Laki-laki Beraroma Rempah-Rempah adalah salah satu judul cerita pendek yang ada di dalam buku ini. Bercerita tentang seorang laki-laki yang menurut tokoh utamanya, dia bernama Tjandra. Tjandra memiliki hampir semua kesempurnaan sebagai laki-laki mapan idaman para wanita, dan dia mempunyai aroma yang menurut si tokoh beraroma seperti rempah-rempah, sedangkan si tokoh utama (yang tak disebutkan namanya) adalah wanita yang merasa dirinya kurang sempurna secara fisik, tidak seperti wanita-wanita dalam iklan atau model majalah. Tetapi Tjandra memandangnya sebagai sosok yang pantas untuk mendampingi hidupnya. Tentu ada alasan kenapa Tjandra memilihnya.
Sayangnya dalam kesederhanaan cerita-cerita yang menjadi kelebihan dalam buku ini, Tina K kadang masih belum bisa lepas dari kutukan terbesar yang sering menghinggapi penulis kita; klise. Pada beberapa cerita juga masih terasa sangat datar dan nyaris tanpa konflik. Seperti yang terdapat dalam cerita keenam yang berjudul Sentuhan Sayap Kupu-kupu (hal. 69-81). Dalam kisah keenam ini, terdapat dua tokoh utama Petra dan Leo. Petra adalah gadis yang sedang menempuh kuliah, dia tinggal di rumah orang tua Leo yang merupakan teman karib Ibu Petra. Sedangkan Leo yang tampan dan cerdas sedang menempuh kuliah di Perancis dan setahun lagi akan selesai. Leo dikisahkan pulang ke Indonesia selama dua minggu. Dan bertemu dengan Petra yang dulu, jauh sebelum Petra kuliah dan ikut tinggal di rumah itu pernah akrab sekali dengan Leo saat kecil dan masih suka digendong-gendong. Cerita bergulir dan saat akan kembali ke Perancis Leo melamar Petra dan Petra mau menerima Leo begitu saja.
Segalanya begitu indah, tapi justru di situlah masalahnya. Bagaimana memberi konflik pada manusia-manusia yang sudah sedemikian mapan dan baik-baik ini? Inilah jebakan terbesar yang justru Tina K terperangkap di dalamnya.
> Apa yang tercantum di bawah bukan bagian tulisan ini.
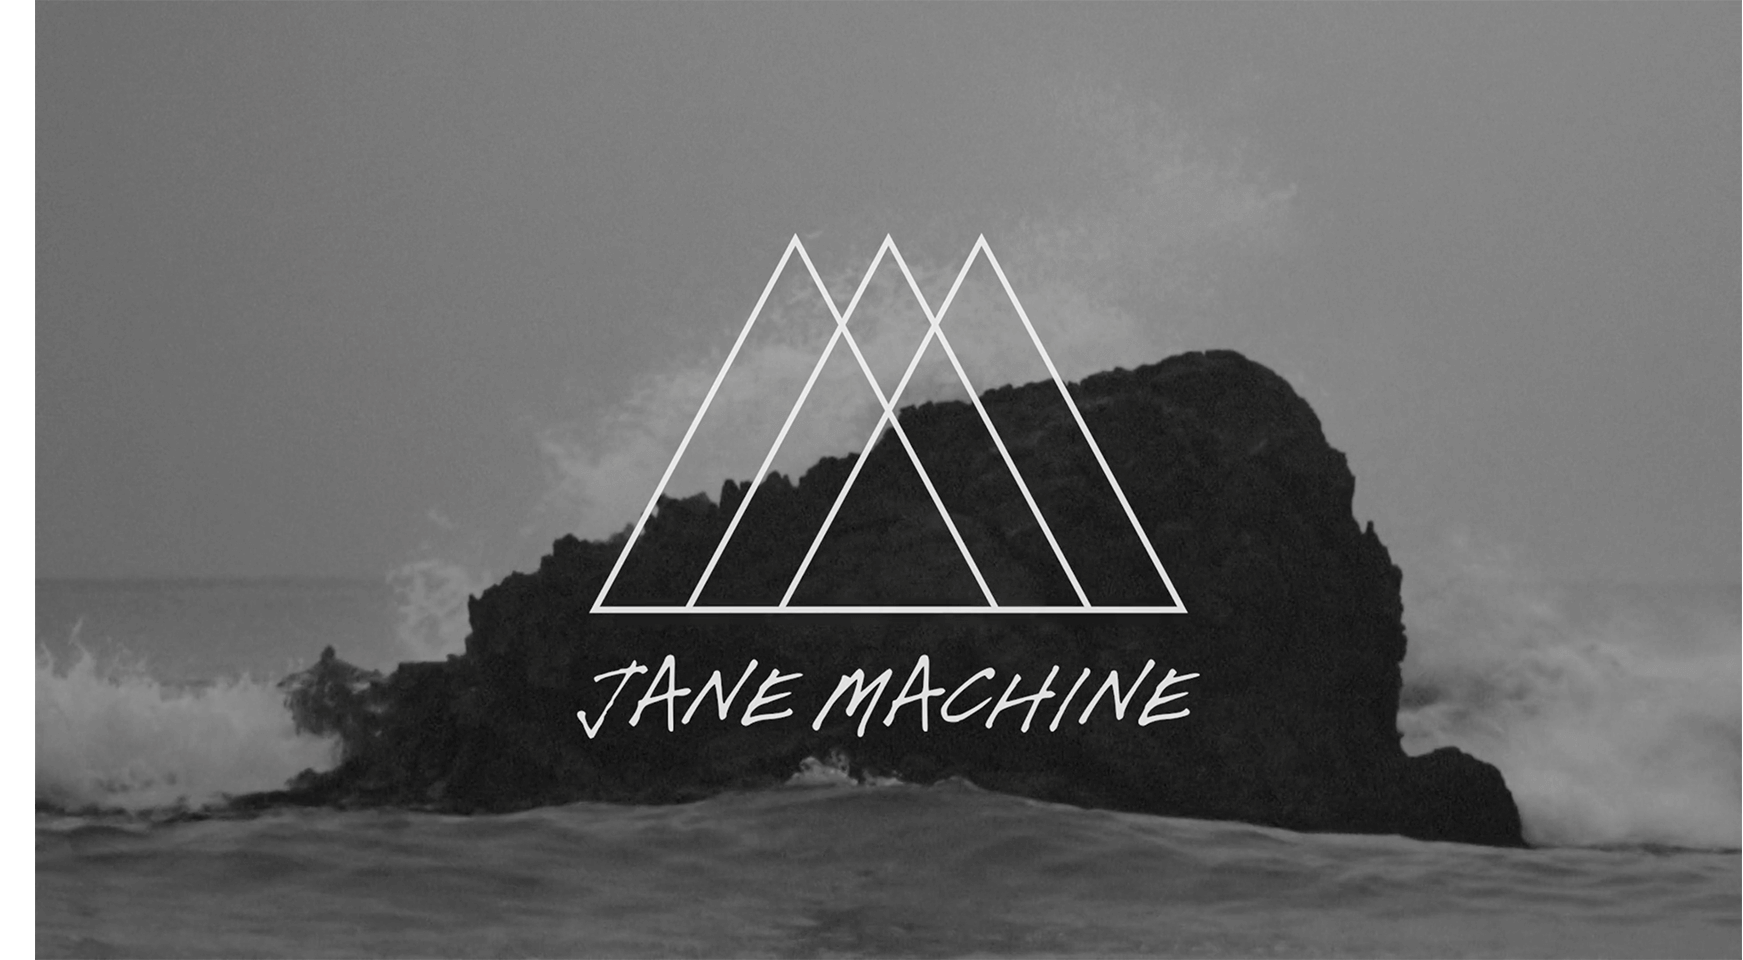 jane_machine_1

Namun begitu, beberapa cerita lain juga masih menyisakan rasa yang memainkan perasaan kita, seperti Badai Siang Hari (hal.19-30), Melintas Sunyi (hal.45-53) dan masih banyak lagi. Dan tidak adanya simbol-simbol waktu (jaman) yang terdapat dalam kisahnya, membuat cerita dalam buku kumpulan cerpen ini bisa dibaca sepanjang masa. Kekuatan Tina K sebagai pencerita yang tidak menggebu-gebu juga merupakan salah satu kelebihan tersendiri selain tidak mengumbar kata-kata rayuan dalam kisah-kisahnya.
Jika Anda ingin menikmati ‘segelas air putih’ yang melegakan tenggorokan di antara riuhnya pesta yang menawarkan minuman aneka rasa, buku Tina K adalah salah satunya.
Resensi Pembaca
Kita Daiajak Masuk dalam Kehidupan Wanita Lajang Oleh: kurniawan - 16 July 2009
Membaca Kumpulan Cerpen “Laki-laki beraroma rempah-rempah” dari Tina K atau nama FB-nya Magi Luna ini kita seakan di ajak untuk masuk dalam kehidupan para wanita lajang dengan segala problematika cintanya di kota Metropolitan. Dari 18 cerita pendeknya semuanya mengalirkan cerita yang begitu memukau tentang para wanita lajang dalam menyikapi cinta dengan setting kota metropolitan, dari sudut pandang seorang wanita.
Teman saya Tina K, lahir dan besar di semarang, dan kuliah di Akses Tarakanita Jakarta. Sejak SMA hingga tamat kuliah dan bekerja, banyak menulis tentang kisah perjalanan sesuai hobbynya yang suka traveling, juga sering menulis cerpen, novelette, dan puisi. Tulisannya banyak di muat di kumpulan cerpen Anita cemerlang, juga tersebar di majalah Gadis, Femina, Halo, Cinta, Aneka, Kawanku, dan Kartini. Buku kumpulan cerpen ini adalah kumpulan cerpennya yang pertama.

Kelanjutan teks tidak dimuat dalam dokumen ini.